Но прояснится ли хоть что-нибудь, если окажется, что ее здесь держат не зря, да и что, собственно, такое уж необычное тут случилось — ну, говорит она с кем-то о жизни, так кто не говорит; ну, стала думать о Боге, так полчеловечества в церковь ходит и с детства молится Богу же, а она опоздала, и это ей пока внове; ну прислушивается к Марьиной сумасбродной логике и к тому, что псих-президент тоже будет человеком, хоть и не скоро, — так это значит, что и для нее не всё потеряно; а насчет логик — так они у каждого свои, и «Бьюики» прибалта вряд ли предпочтительнее Марьиных вселенских матрешек, скрывающих одна в другой новые бесконечности; да и матрешки не Марьины вовсе, а кто-то такой же сдвинутый придумал их давным-давно, и, наверное, не просто так, а чтобы через тысячу лет новый дурак спросил — а что это значит, и снова понял давно известный ответ и действительно отыскал в забавной игрушке систему мироздания… Да нет, всё это в рамках и пределах, и не это ввергает ее в сомнение и панику, а сам по себе факт, что ей, Кирочке, Лу, Санта-Лучии, Лушке, а в общем и целом Лукерье Петровне Гришиной, семнадцати лет от роду, беспризорной потаскушке, въяве нужен Бог, и срочно надобно знать, зачем она Богу, и откуда мир, и для чего жизнь, и что предстоит после, — вот это действительно сумасшедший номер, финт ушами, как любила говорить дорогая подруга, это вне рамок и правил, соскок со всех позвонков, и она согласна, что спятила, что ее место здесь, потому что представить для себя место там не хватит никакой фантазии.

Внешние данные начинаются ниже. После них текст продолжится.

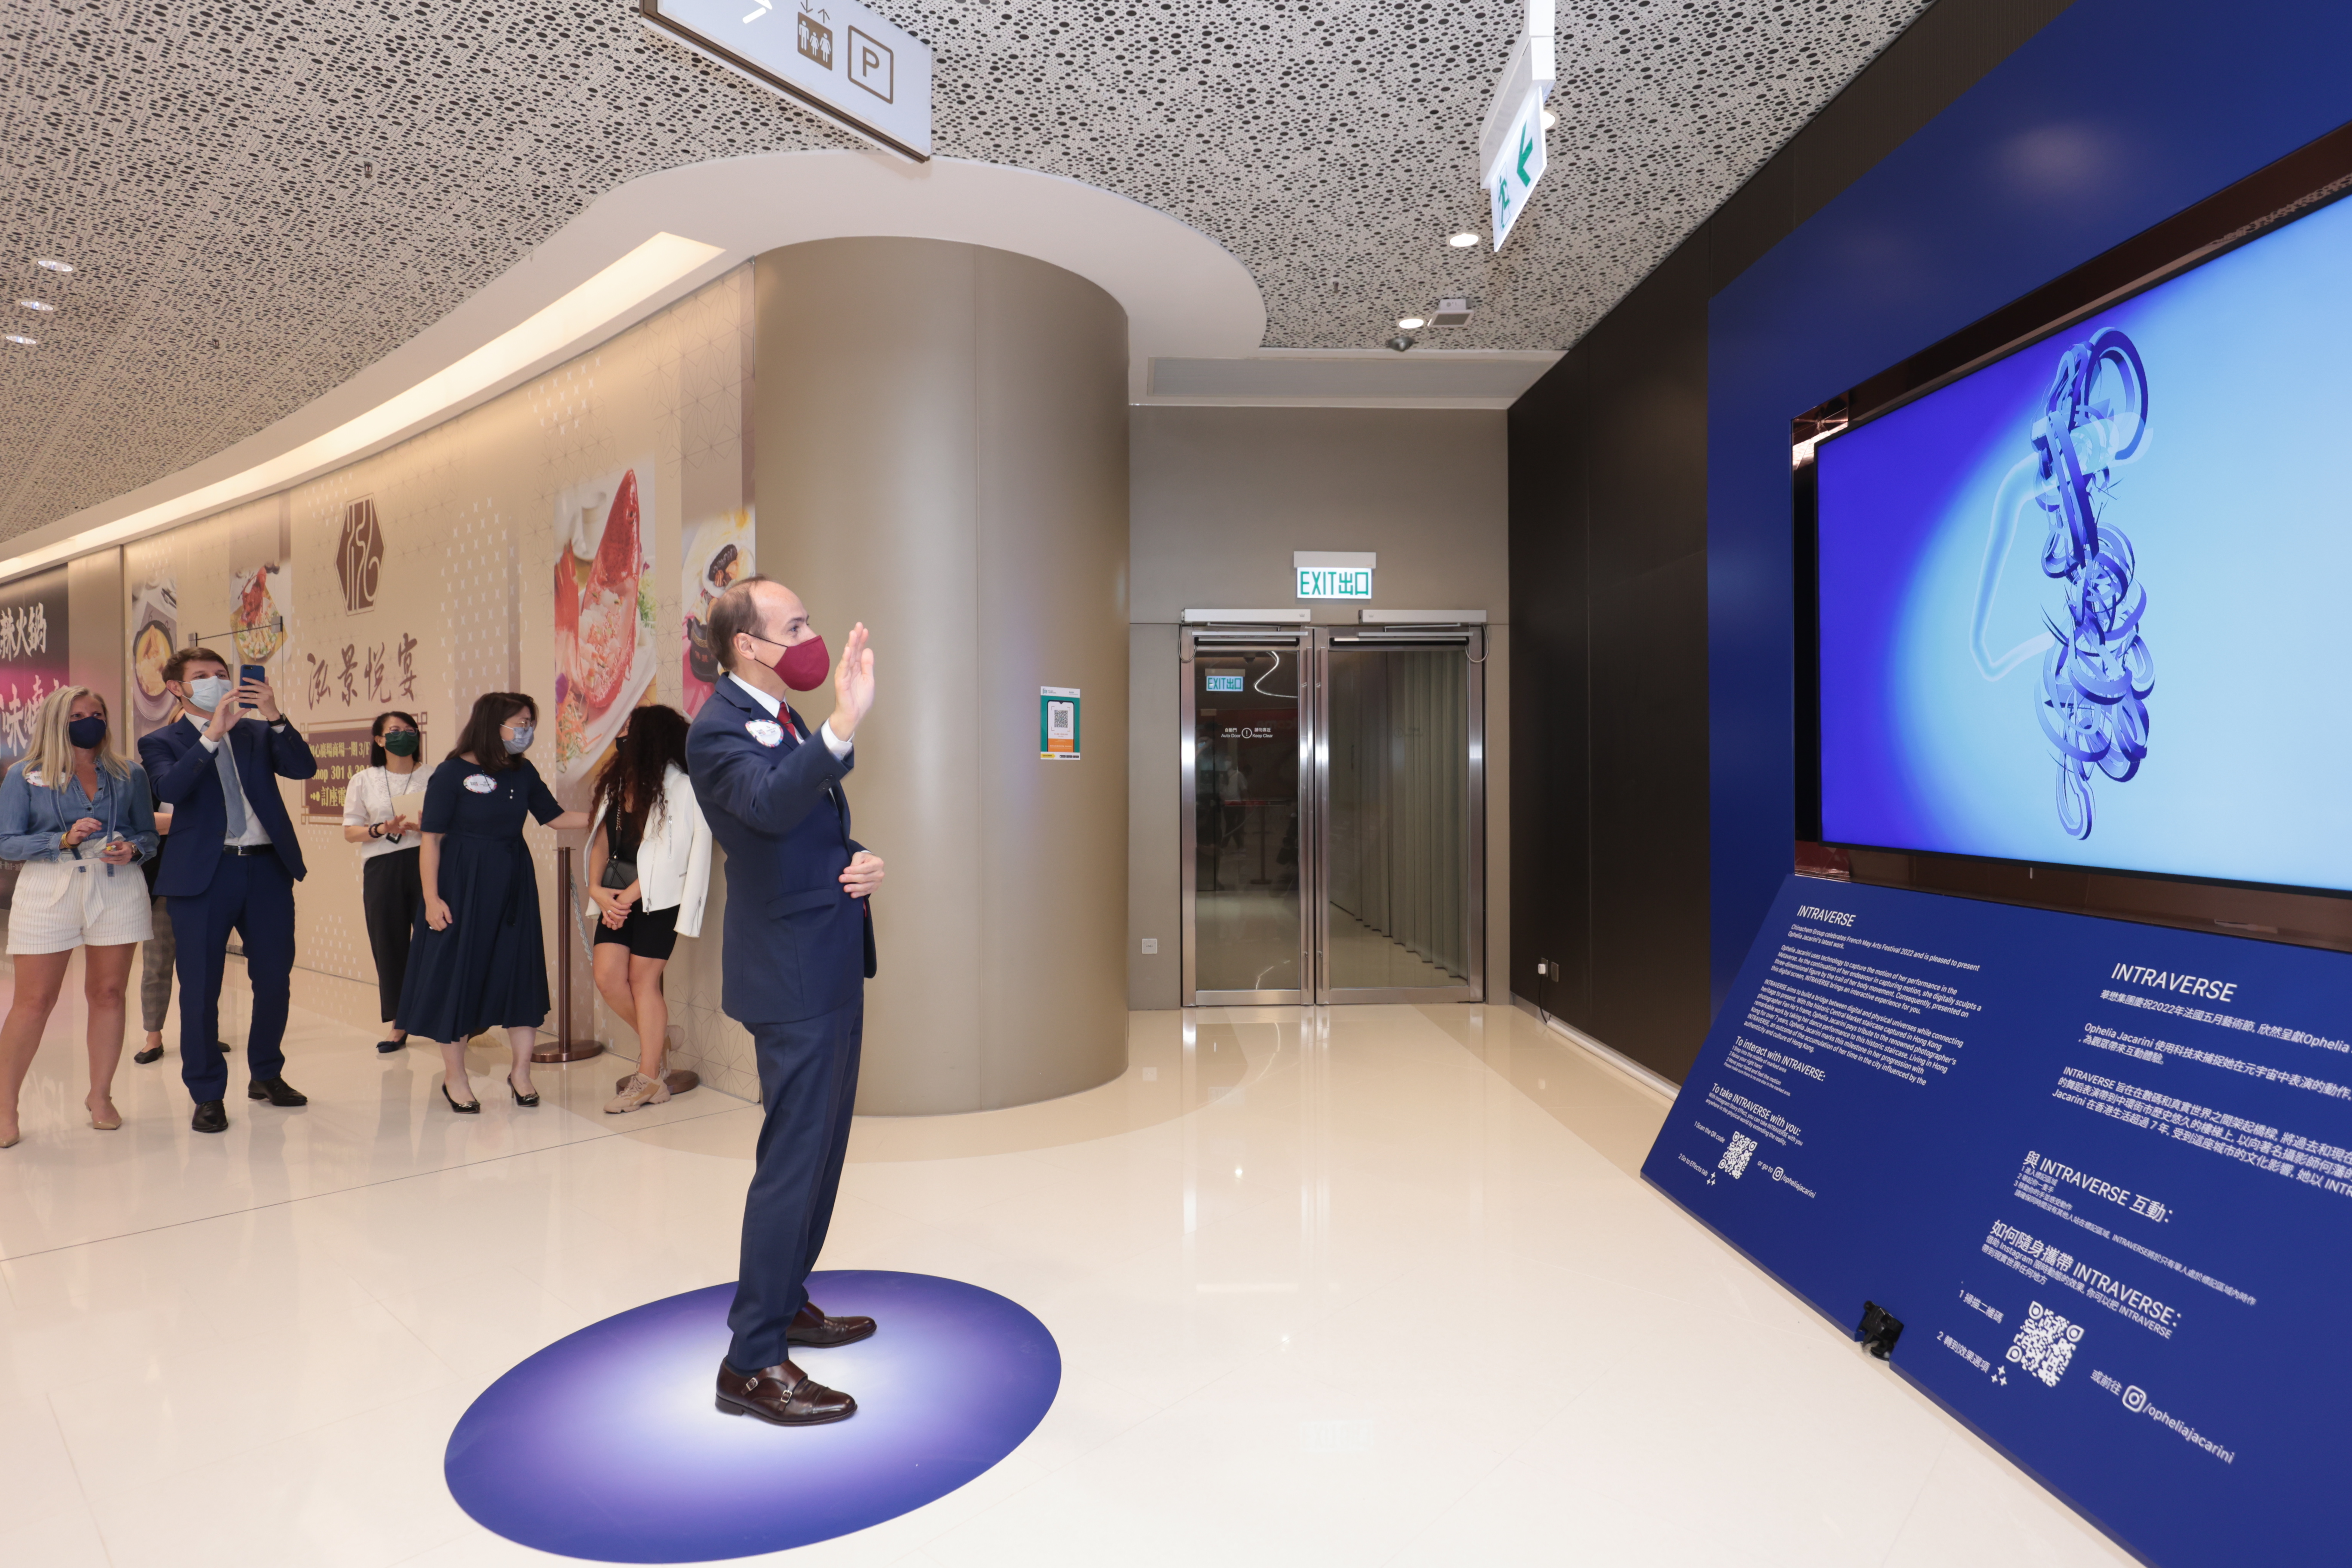 Guests try their hand on interacting with the fascinating digital art installation Intraverse.

Или вне правил и законов было то, что она вытворяла до этого? Чему Лушка органически принадлежит — бесноватым загулам, пьяным рыгаловкам, несчетным равнодушным совокуплениям, убогой свободе и лихому самоуничтожению или тому, что все еще кажется диким, что ворвалось в нее вместе с психушкой, туннелями, Марьей, псих-президентом, пальмой, умершей бабкой, с жадным взглядом в предел и почти доступной дверью в несуществующее?
И когда она предположила в себе и в других природу изначально иную, чем придуманная сиротским детским воображением, то поняла очевидное: ни ее подруга не родилась проституткой, ни прибалт не был зачат лжецом и пустомелей, ни ей самой ничем не повелевалось убить сына. Это над собой они были насильниками, себя обманывали, себя задешево распродавали и убивали — себя.
Лушка ощутила, что разрывает цепи и выдирается из облюбованной темницы, и решетки на окнах после этого не имеют, собственно, никакого значения.
* * *
— Гришина, к вам посетитель, — возвестил динамик. — Гришина, к вам пришли!
Лушка замерла. Может, в отделении есть еще одна Гришина и Лушке динамик не предназначен?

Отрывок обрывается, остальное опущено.